A VAIDADE EM PLANTAS E ANIMAIS - A Mãe, do Sri Aurobindo Ashram

Existem plantas que são vaidosas! Se alguém lhes faz um cumprimento, por palavras ou sentimentos, se a pessoa as admira, elas levantam a cabeça – com vaidade! 

É o mesmo com os animais. Em Paris, no Jardim das Plantas, existem muitas plantas, bem como alguns animais. Um dia eles receberam um magnífico leão, que ficava numa jaula. E ele estava furioso. Havia uma porta atrás da qual ele podia se esconder. E ele se escondia sempre que os visitantes vinham vê-lo! 

Vi aquilo e um dia fui até a jaula e comecei a falar com ele (os animais são sensíveis à linguagem falada, eles realmente escutam).

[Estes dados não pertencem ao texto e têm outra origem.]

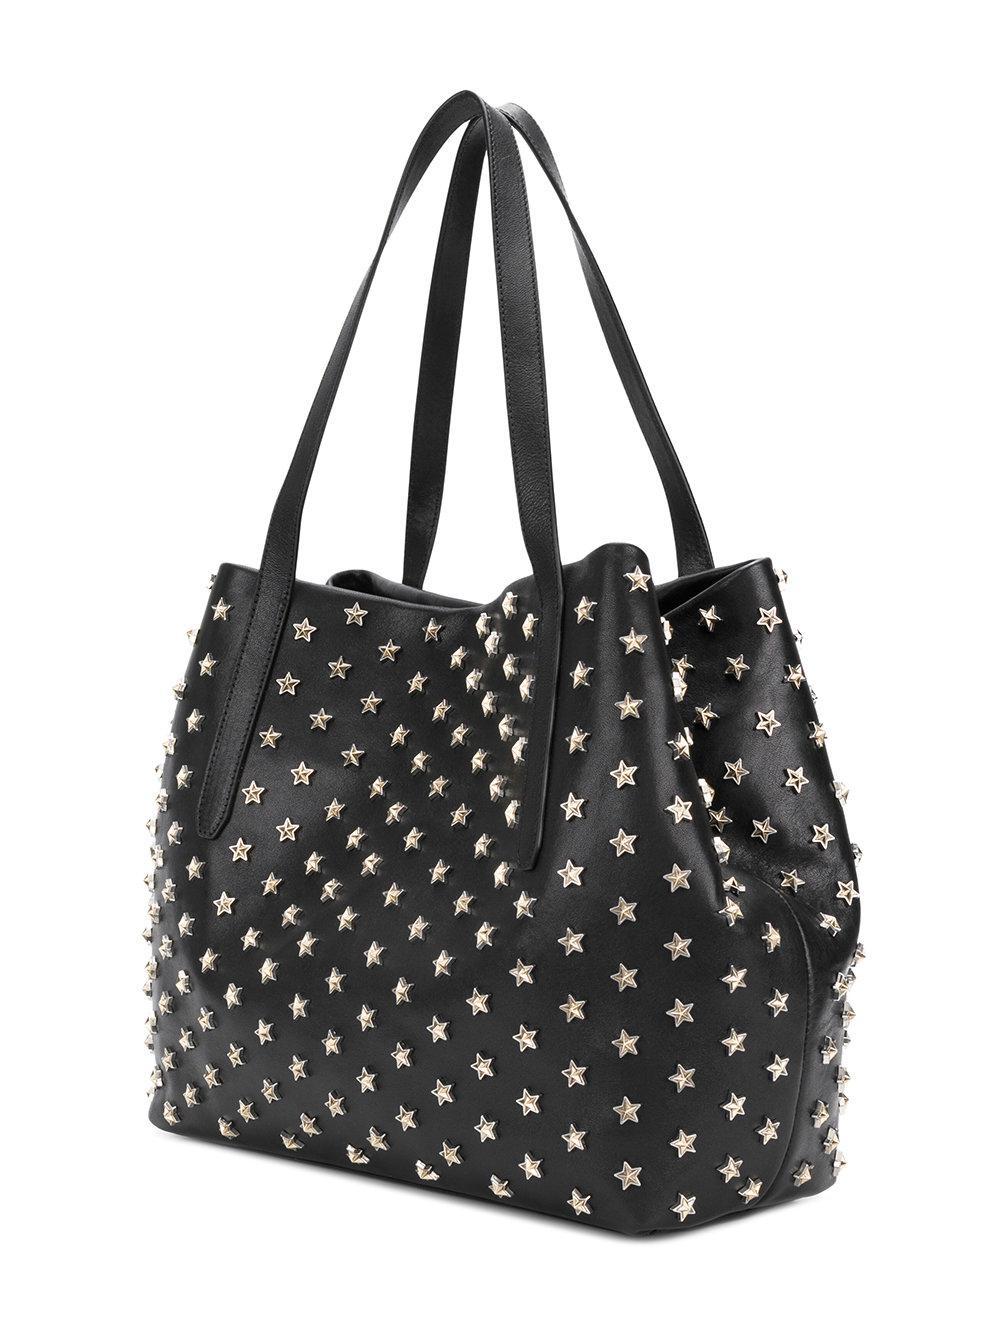 Jimmy Choo Leather Sofia Medium Star Studded Tote Bag in Black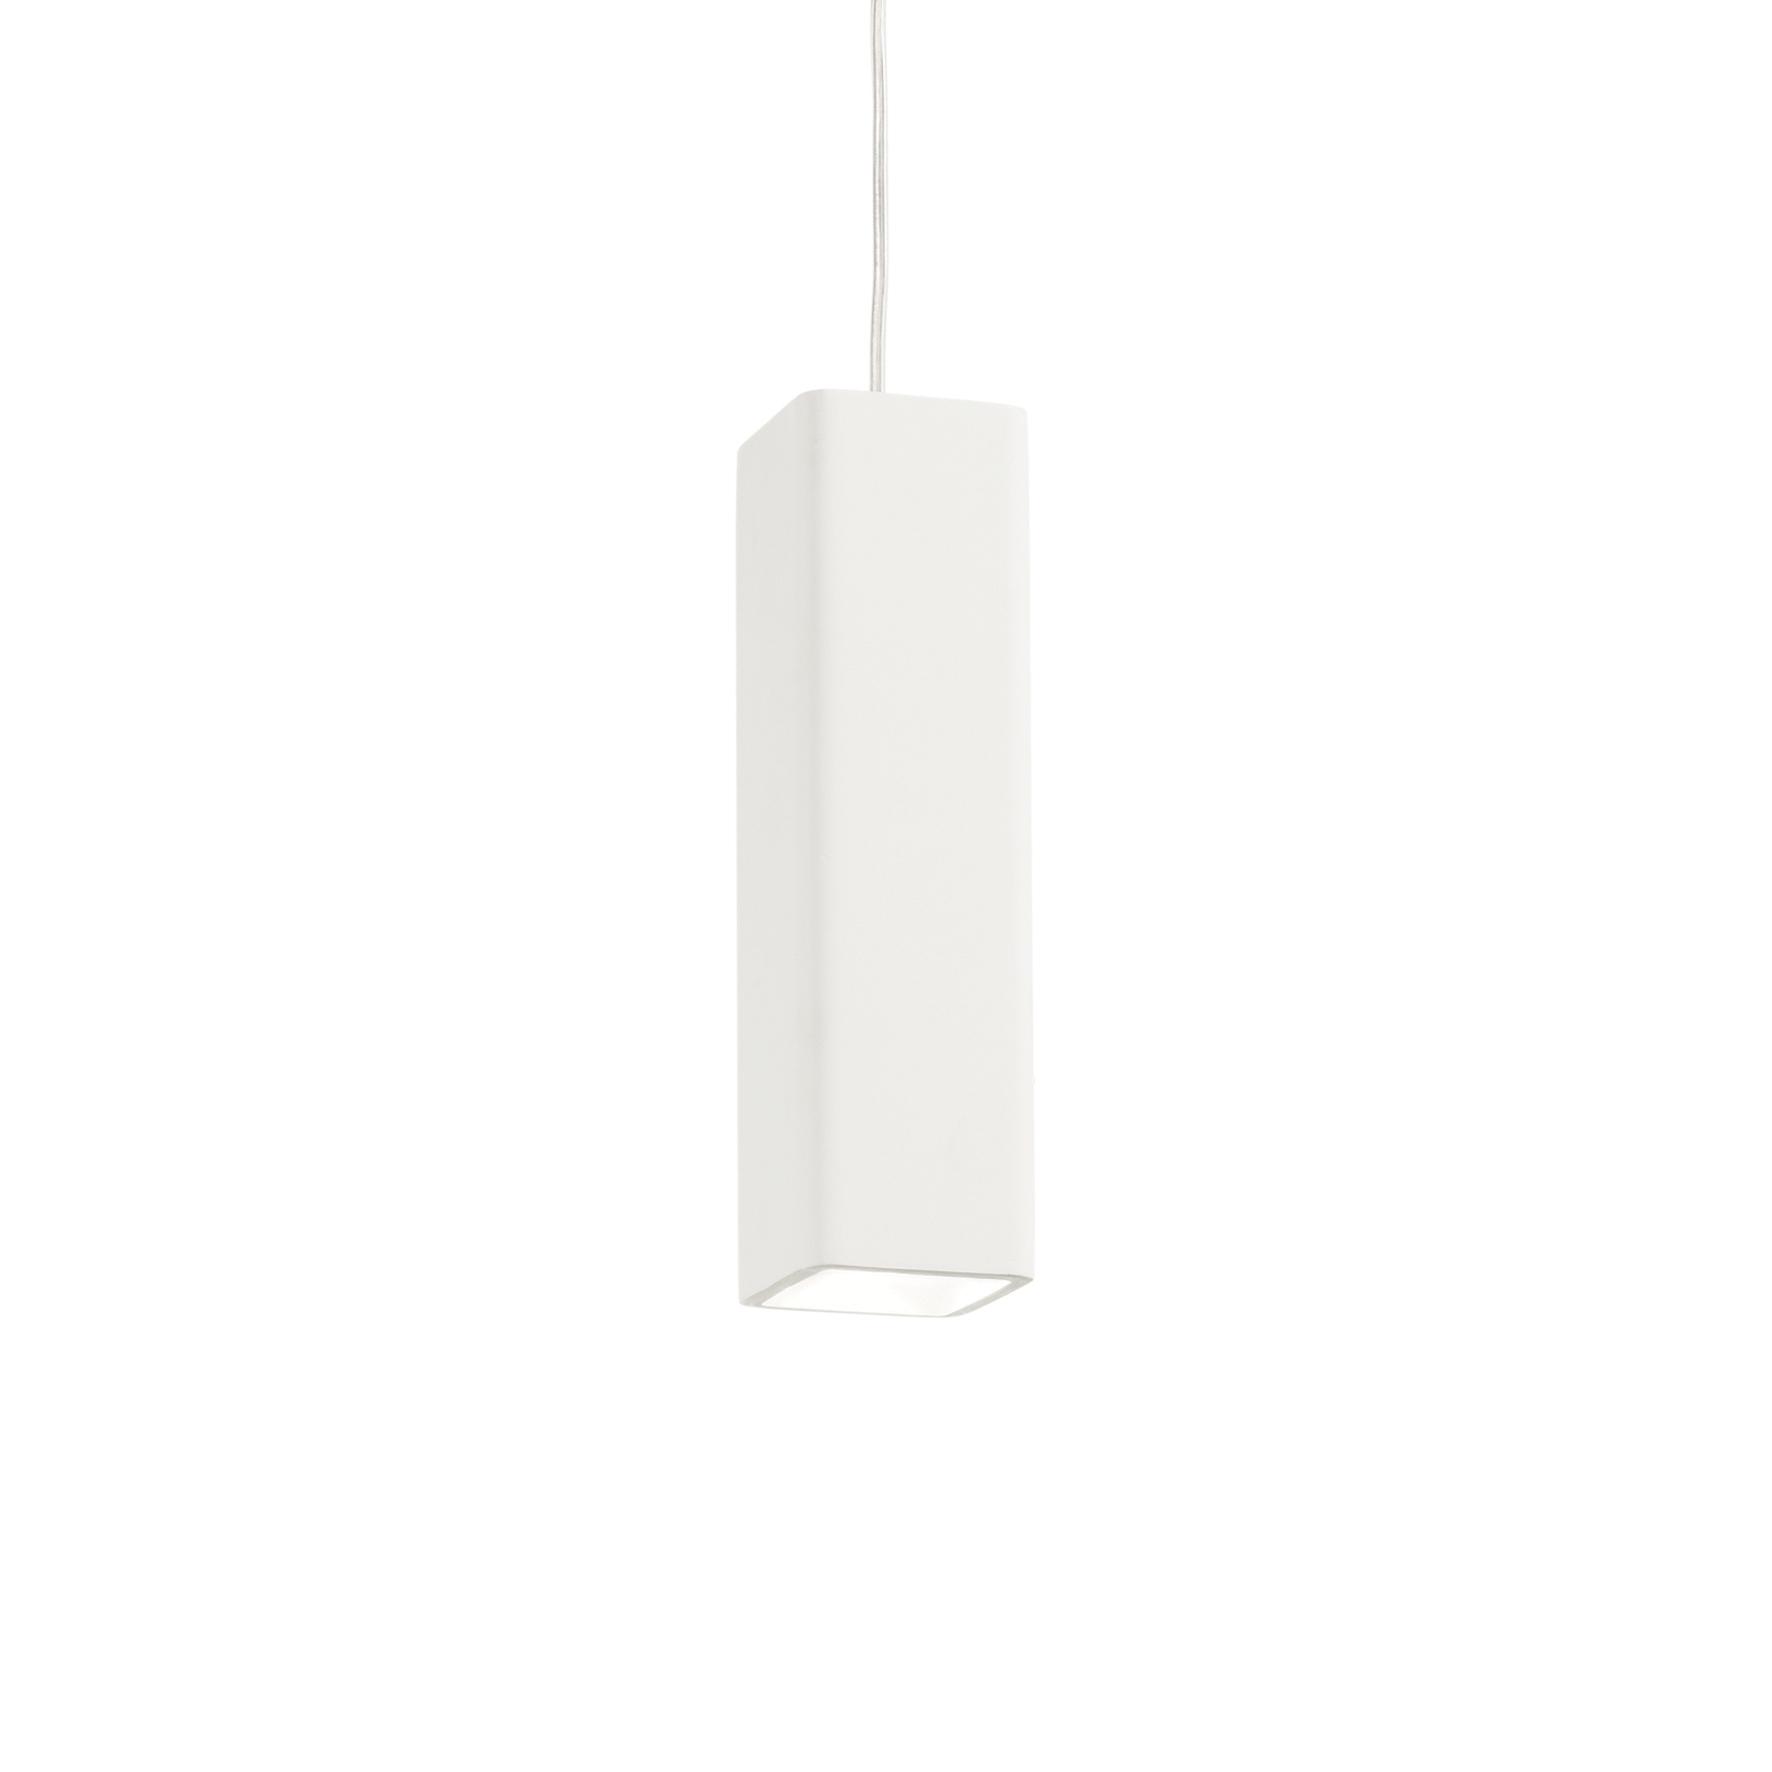 Lustra Oak SP1 Square White

Comecei a falar suavemente com meu leão. Disse a ele, “Oh! Como você é belo, que pena que se esconde assim, como eu gostaria de vê-lo...” 

Bem, ele ouviu. Então, pouco a pouco, ele olhou-me desconfiadamente, e devagar esticou seu pescoço para ver-me melhor; depois mostrou sua pata e, finalmente, colocou a ponta de seu focinho nas barras da jaula, como a dizer, “Finalmente, aqui está alguém que me entende!”



O INSTINTO NOS ANIMAIS - A Mãe, do Sri Aurobindo Ashram

Em seres humanos raramente encontrei algumas das virtudes que tenho visto nos animais. Como nos gatos, por exemplo: eles são criaturas maravilhosas. 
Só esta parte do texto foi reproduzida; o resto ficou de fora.